I already know the irony of this, trust me. I am in love with storytelling and have been all my life. Writing short stories, characters, and worldbuilding was my escape growing up from some hard stuff. I know a lot of non reading writers are about production or at least say they are to excuse laziness, but for me, I just never got into reading. I loved making stories. Even when I watch shows, movies, or play games, good writing inspires me more than engages me.
I read the hobbit in middle school and remember almost none of it, and same with Secret garden, though I remember that one better. That's the last time I really read any fiction. I know what makes a good story, I know how to make characters, well thought out character dynamics, dialogue, and any other type of storytelling you can possibly learn from shows, movies, games, and years of doing dnd and text and video game rp. I have never found a type of storytelling I did not like.
I need books that show me what books have to offer above other mediums so I'm not just writing movies in written form when I write, but actual books that utilize the bounds or lack their of that comes with book writing. Preferably sci-fi and/or thriller since that's my go to genre to create in. I don't need beginner books with simple stories or anything, the more complex and layered the better. I want the very best there is to offer to jump into so I can learn what makes a book unique from a movie, show, or game. And something that can hook me into reading as a regular hobby going forward.
If it helps, for reference, my favorite shows are Severance, Star Wars the Clone Wars, The 100, You, and Pluribus.
I have no clue where to start with books, so I really appreciate any responses I may get. Thank you for your time regardless.
by -_-GAME-_-
2 Comments
Read Hugo and Nebula award winners.
Try Veriner Vinge and CJ Cherryh
I’d recommend trying a few different formats instead of only jumping into big novels.
For fast, addictive sci-fi: Red Rising by Pierce Brown.
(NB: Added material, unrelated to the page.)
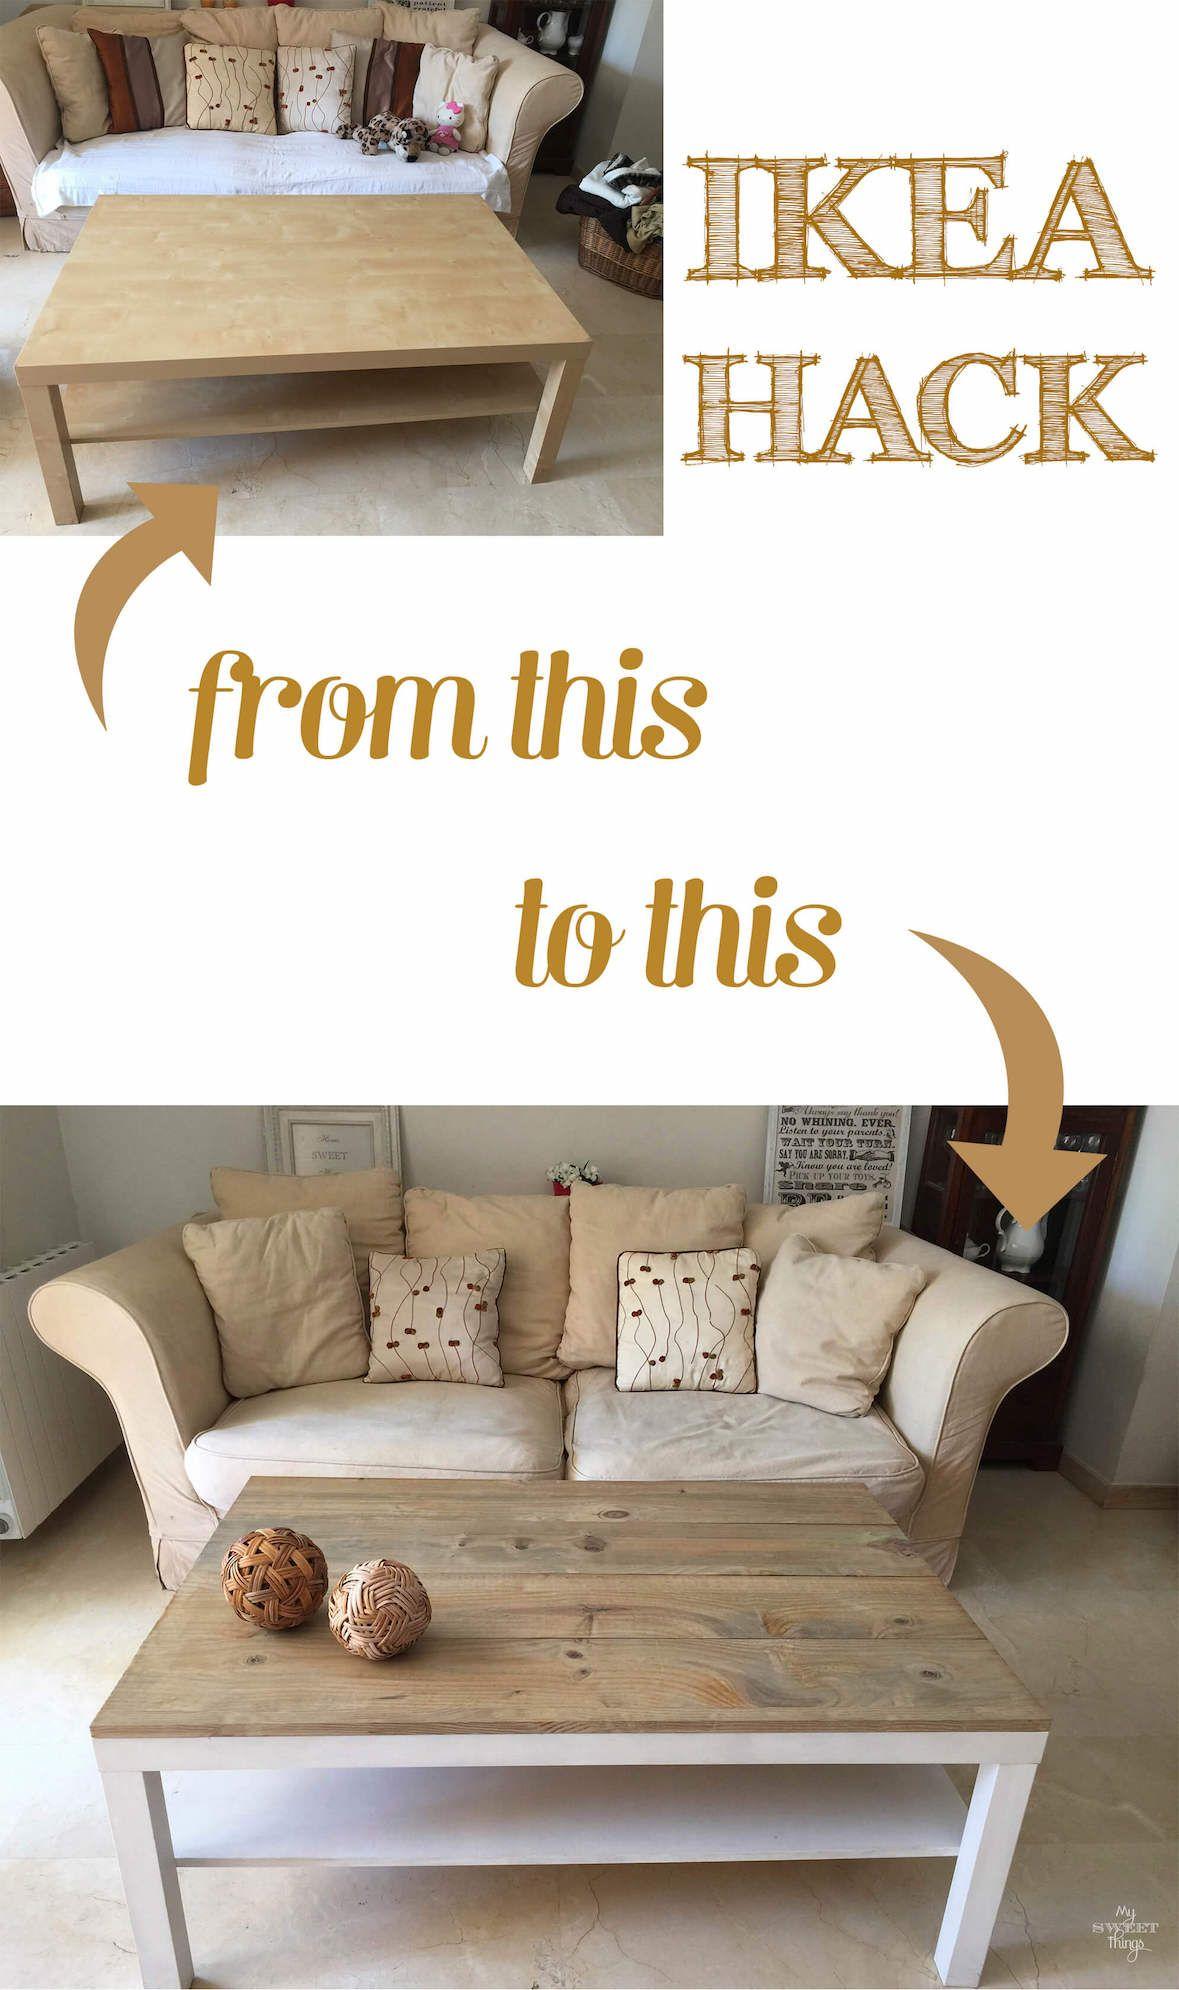 ikea lack coffee table hack wohnzimmer tisch ikea m bel und ikea m bel hacks. Black Bedroom Furniture Sets. Home Design Ideas

For more “idea-driven” sci-fi that really uses the strengths of books, try Philip K. Dick (Ubik, Do Androids Dream of Electric Sheep?, A Scanner Darkly). His stories rely a lot on internal perception and reality-bending concepts that work especially well in prose.
Also, you could try graphic novels if you’re trying to get into reading. Saga and Watchmen are both incredible sci-fi stories and might be easier to get into than novels.